TO DO: Drop every picture, then transcribe the remaining data exactly.
*** INFORMATION PROVIDED ***
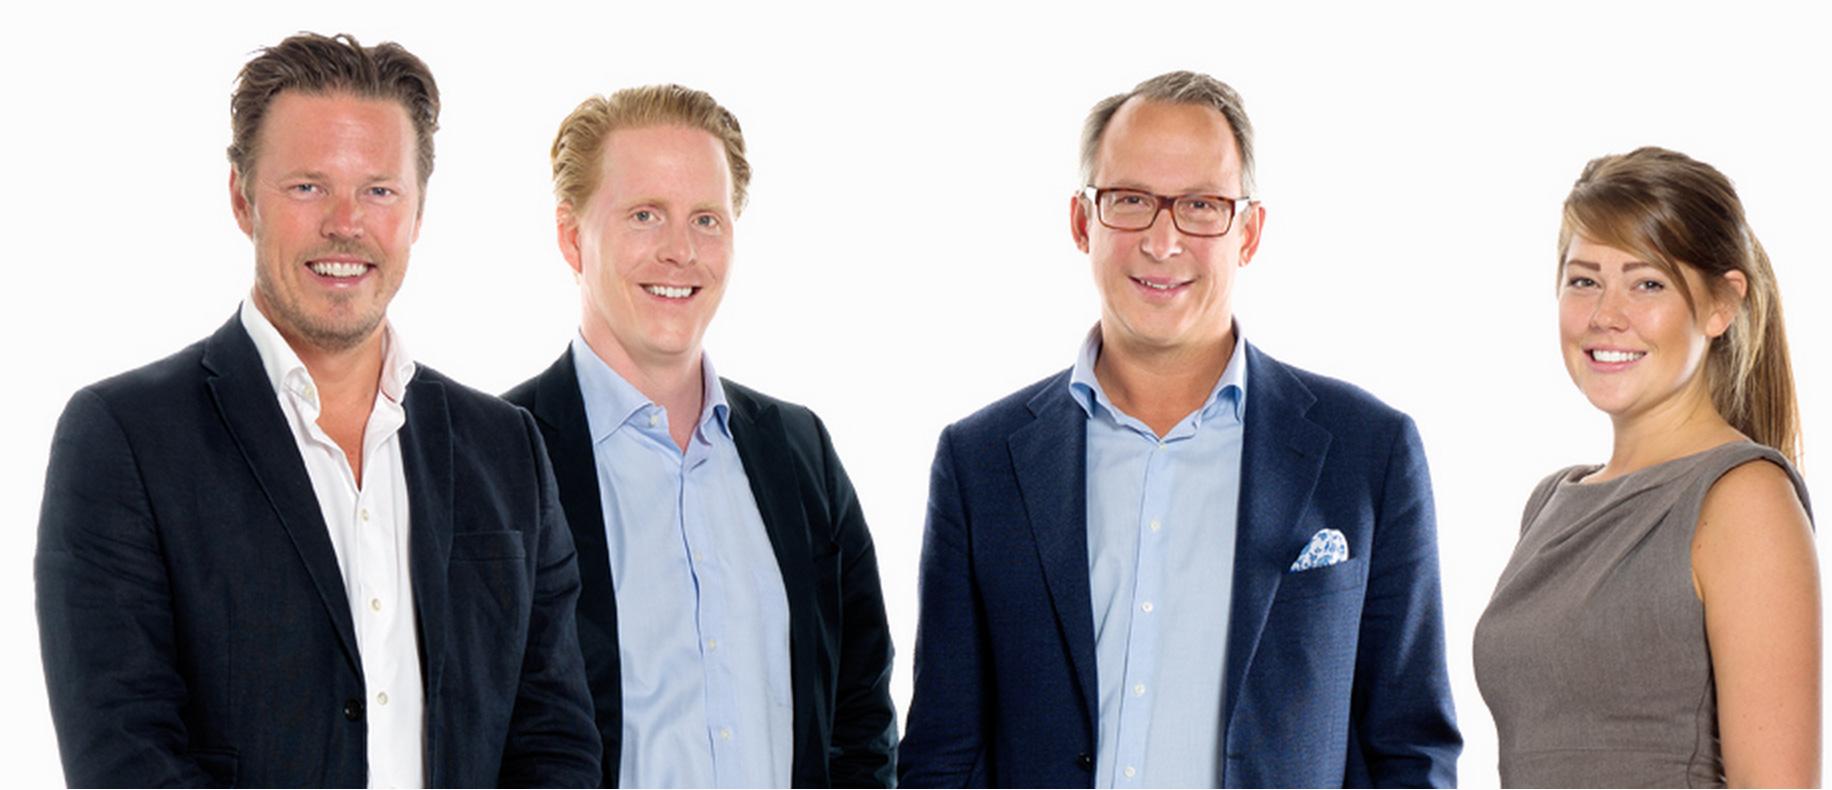 eEquity stänger ny fond - 560 miljoner ska investeras i e-handel
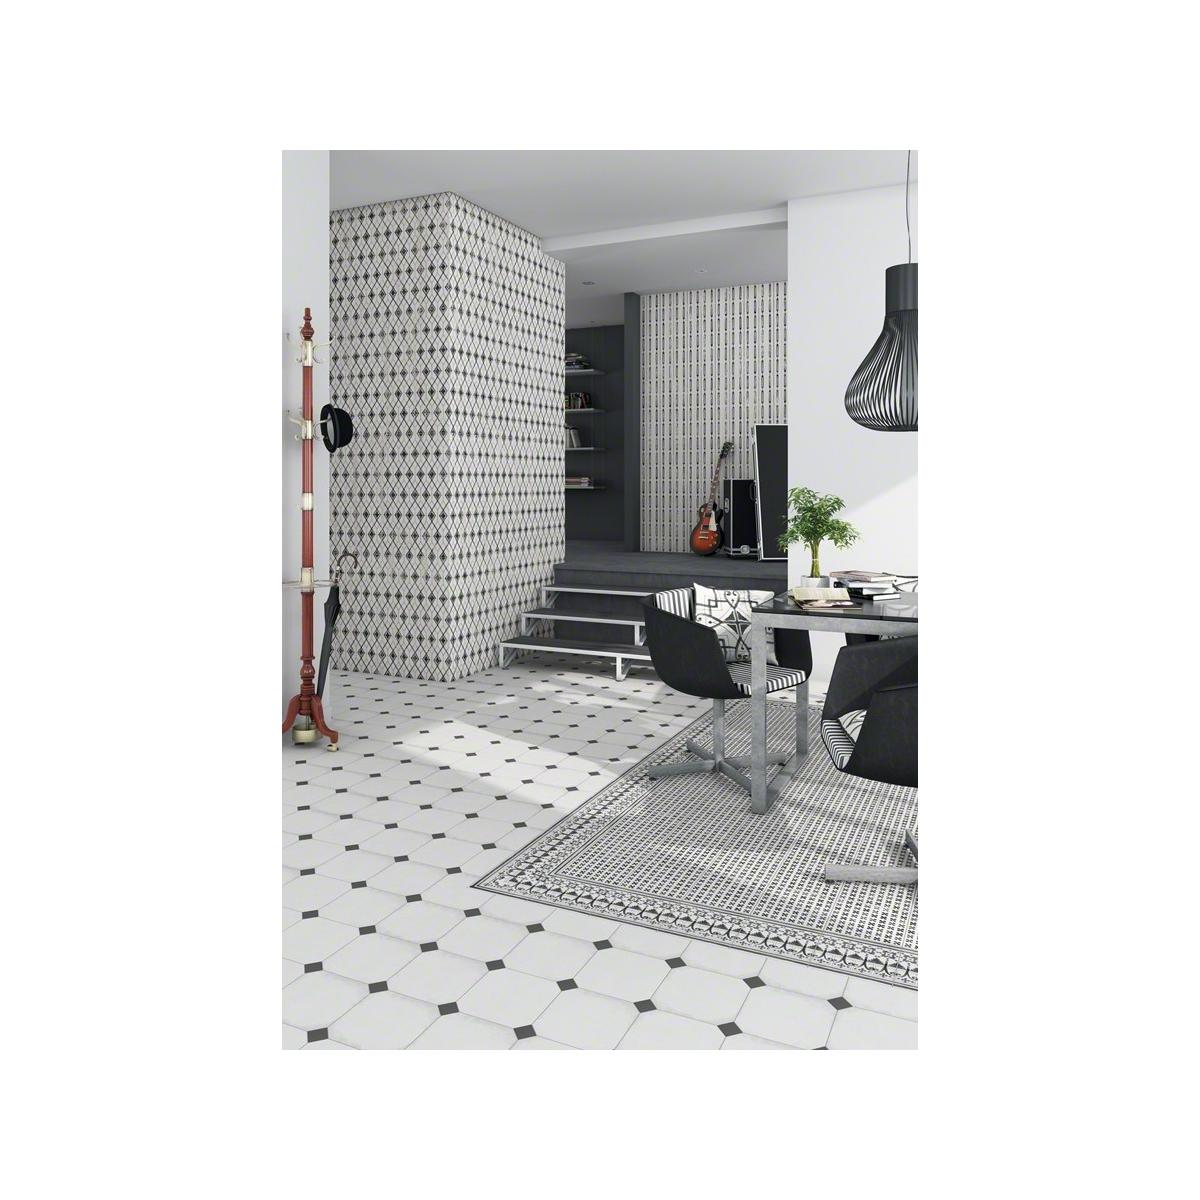 Paix Sombra 20x20 (m2) - Losas hidráulicas Porcelánico para interior y exterior Vives
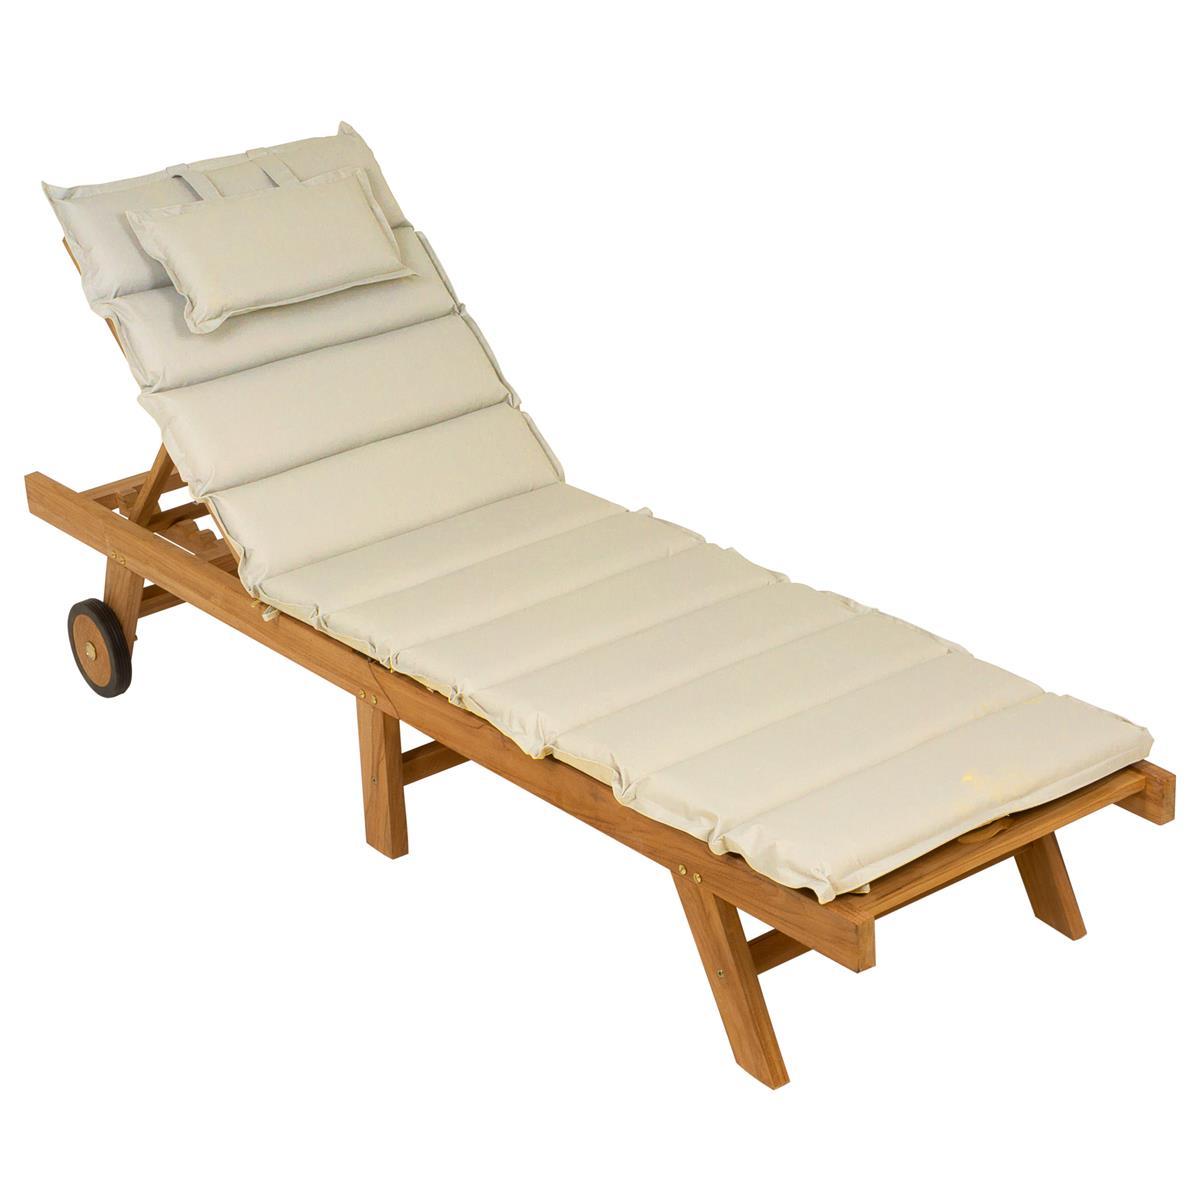 DIVERO Sonnenliege Gartenliege klappbar Teak-Holz behandelt Auflage creme
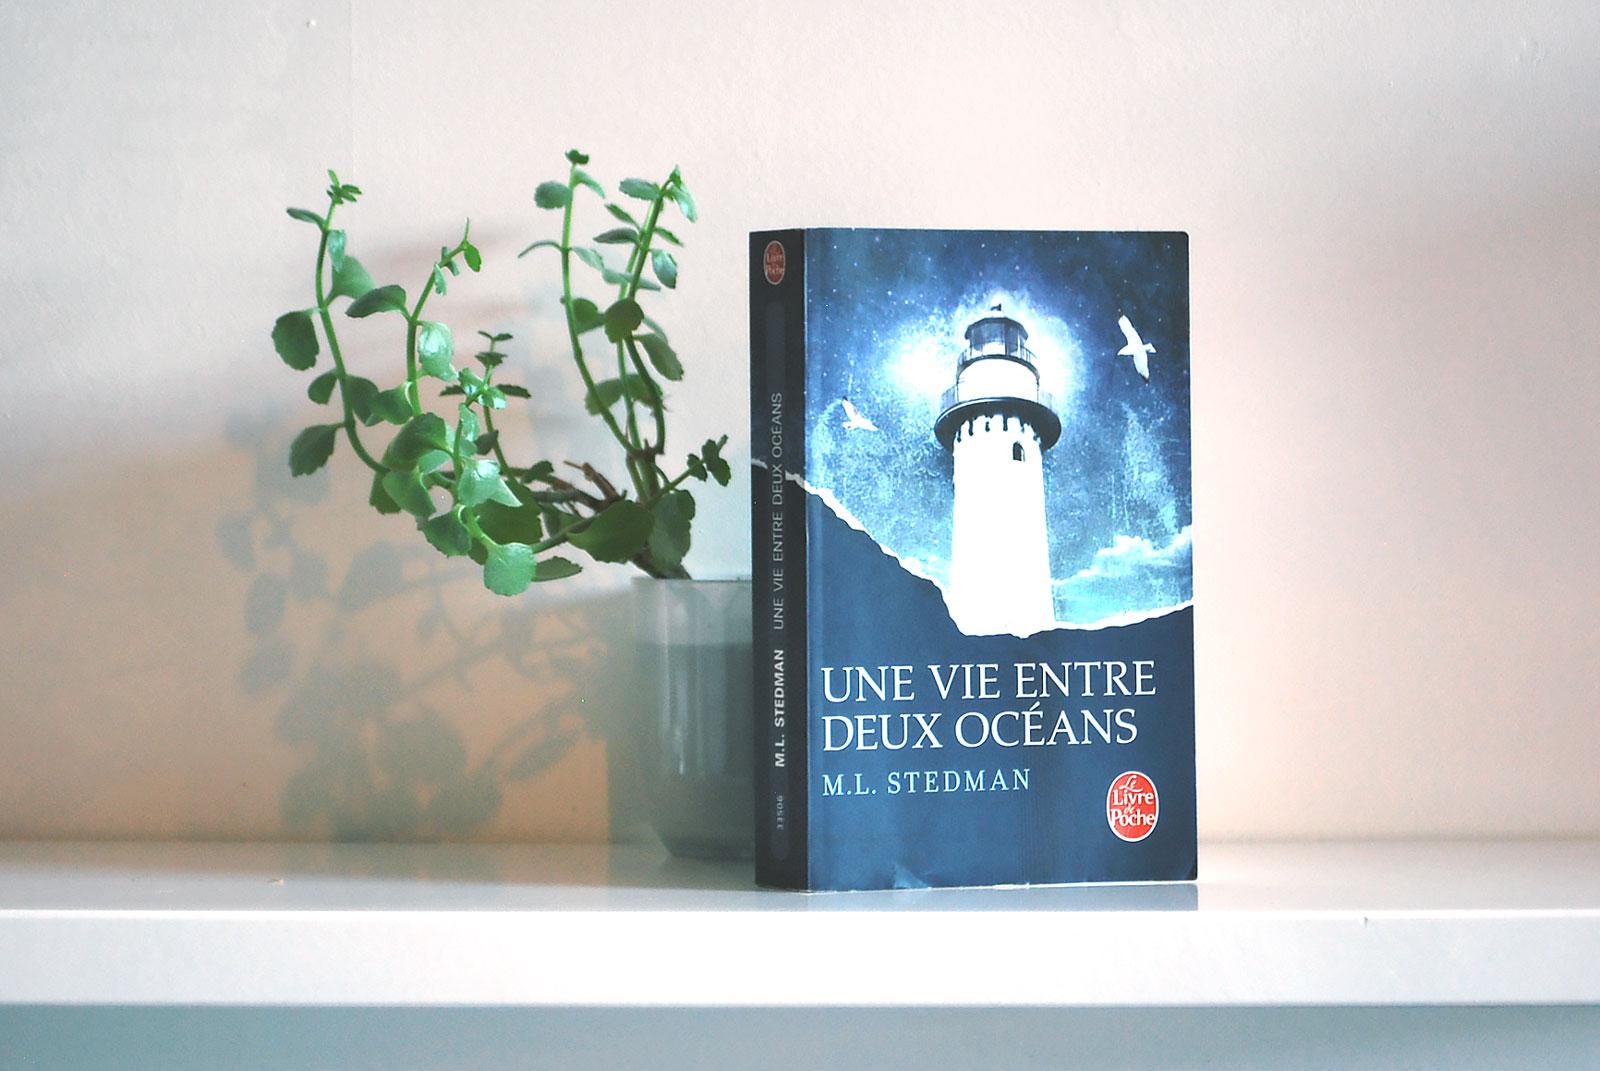 Livre : Une vie entre deux océans
*** End of INFORMATION PROVIDED ***
EXERCISE RESPONSE:
 eEquity stänger ny fond - 560 miljoner ska investeras i e-handel
 Paix Sombra 20x20 (m2) - Losas hidráulicas Porcelánico para interior y exterior Vives
 DIVERO Sonnenliege Gartenliege klappbar Teak-Holz behandelt Auflage creme
 Livre : Une vie entre deux océans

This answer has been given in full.